I recieved a Cardiology III for Christmas from my wife, I like it but I get noise from my surroundings in it all the time.  If I'm using it in the back of the truck I have to shut off the power in the back to hear sometimes, going 3 makes it just that much more fun to try and hear something.  I really liked one of the medics I work with, he has bad hearing and uses a Littman amplified scope, it had really good sound and did a decent job at keeping ambient noise out.  Just so expensive


----------



## TransportJockey

Has anyone had any experience with Ultrascopes in the field? I've used a friends on a clinical shift in facility, but have never heard how they work in the truck.


----------



## T1medic

KEVD18 said:


> buy the best scope you can afford that is consistant with your level of certification/licensure.
> 
> i.e. basics dont need master cardiology scope.
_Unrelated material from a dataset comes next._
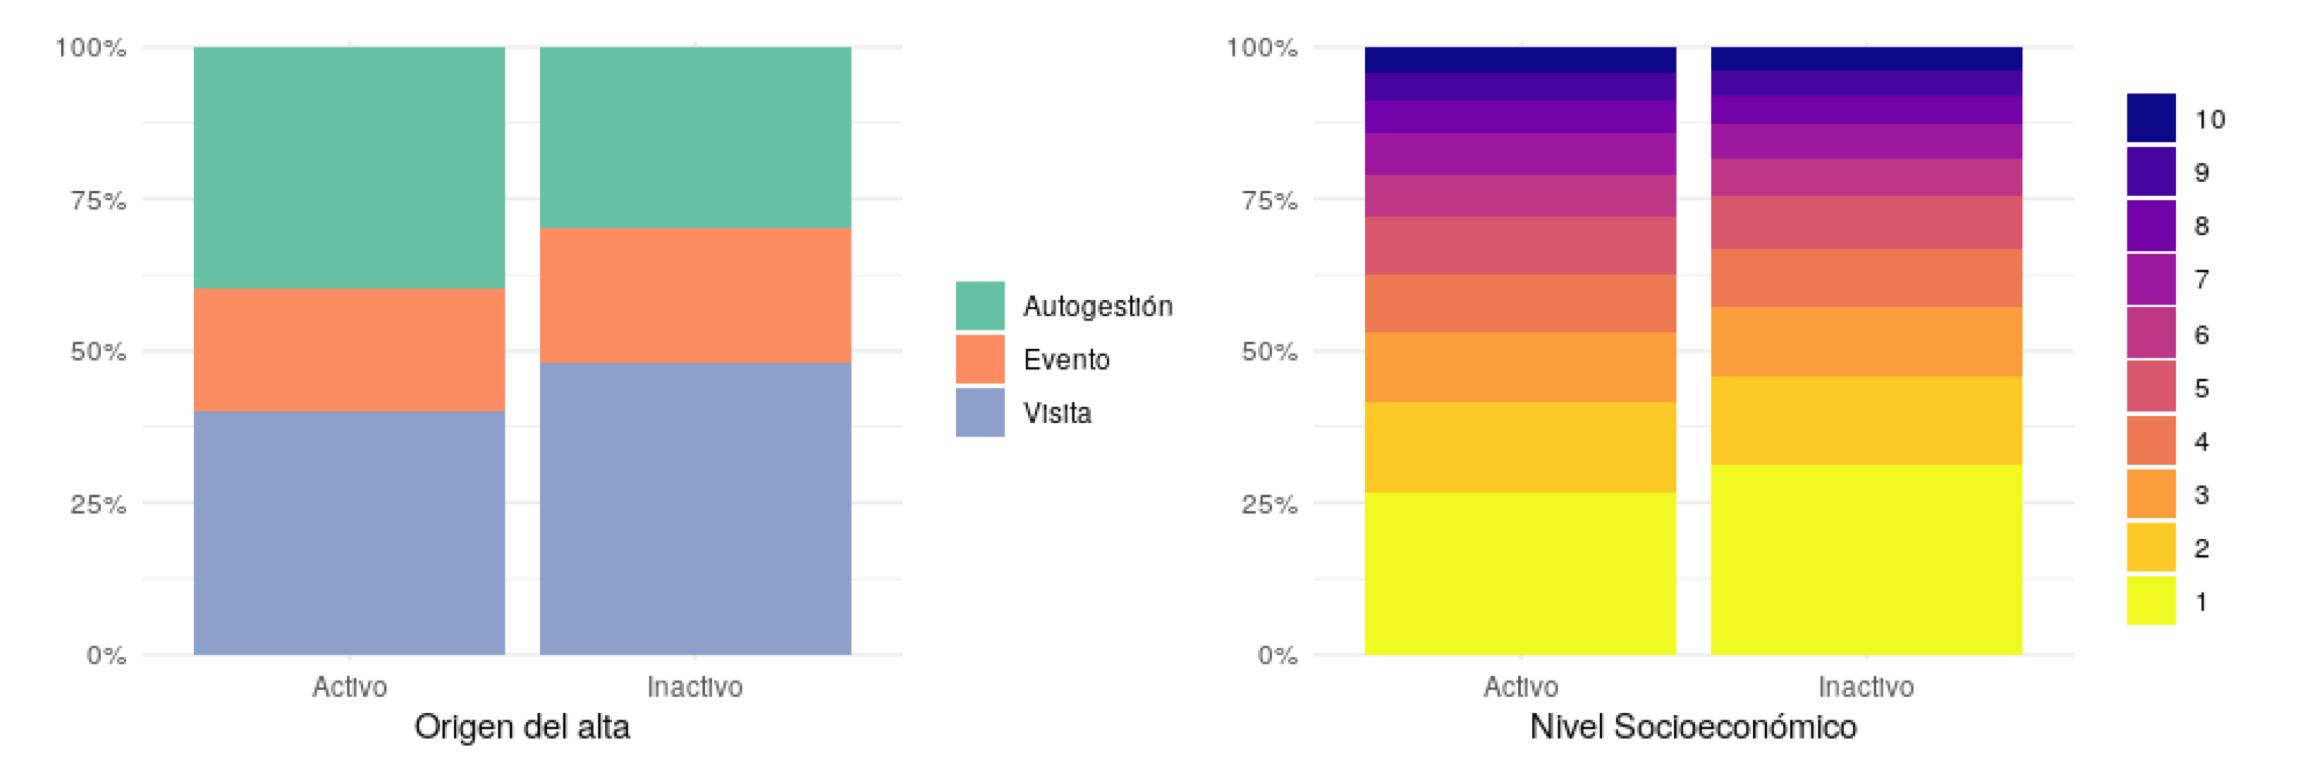 Fig.6. En la figura de la izquierda(a) se puede ver la relación entre el tipo de alta y el uso del pase. Por alta se entiende el proceso de inscripción del beneficiario. En la figura de la derecha (b) se puede ver la relación entre uso del pase y nivel socioeconómico.

Not to stir up anything but if a basic doesn't mind paying for one it's not a bad idea to invest in one. first if you plan on advanncing to  paramedic, as I do, then you already have a great piece of equipement to start with and a basic you still rely on manual BP's, sometimes if not all the time,so why not have a better piece of accoustical equipement, just because you don't have the training and skills why settle for sub-par equipement. Breath sounds are equally important for the basic as well. I have been o many BLS calls where I eeded to listen to breath sounds. I do agree to buy the best you can afford and a master cardiology is not necessarily required, but it doesn't hurt to have one if possible. I would definately noyt just settle for one of the cheap spragues, the ambient noise is awful and the two external tube design just has two much noise from rubbing together.


----------



## Sasha

I use a lightweight Littman. I did a bunch of the $15 dollar sprauge scopes, but they break easily and I am not gentle, and in the end I paid more for the $15 dollar ones than I would have with a Littman before I switched. I've had my Littman for about a year now and it has yet to let me down.

DO NOT LEAVE IT ON YOUR REAR VIEW MIRROR. The sun eats through the tubing! Learned that with $15 scope number 2 and 5. 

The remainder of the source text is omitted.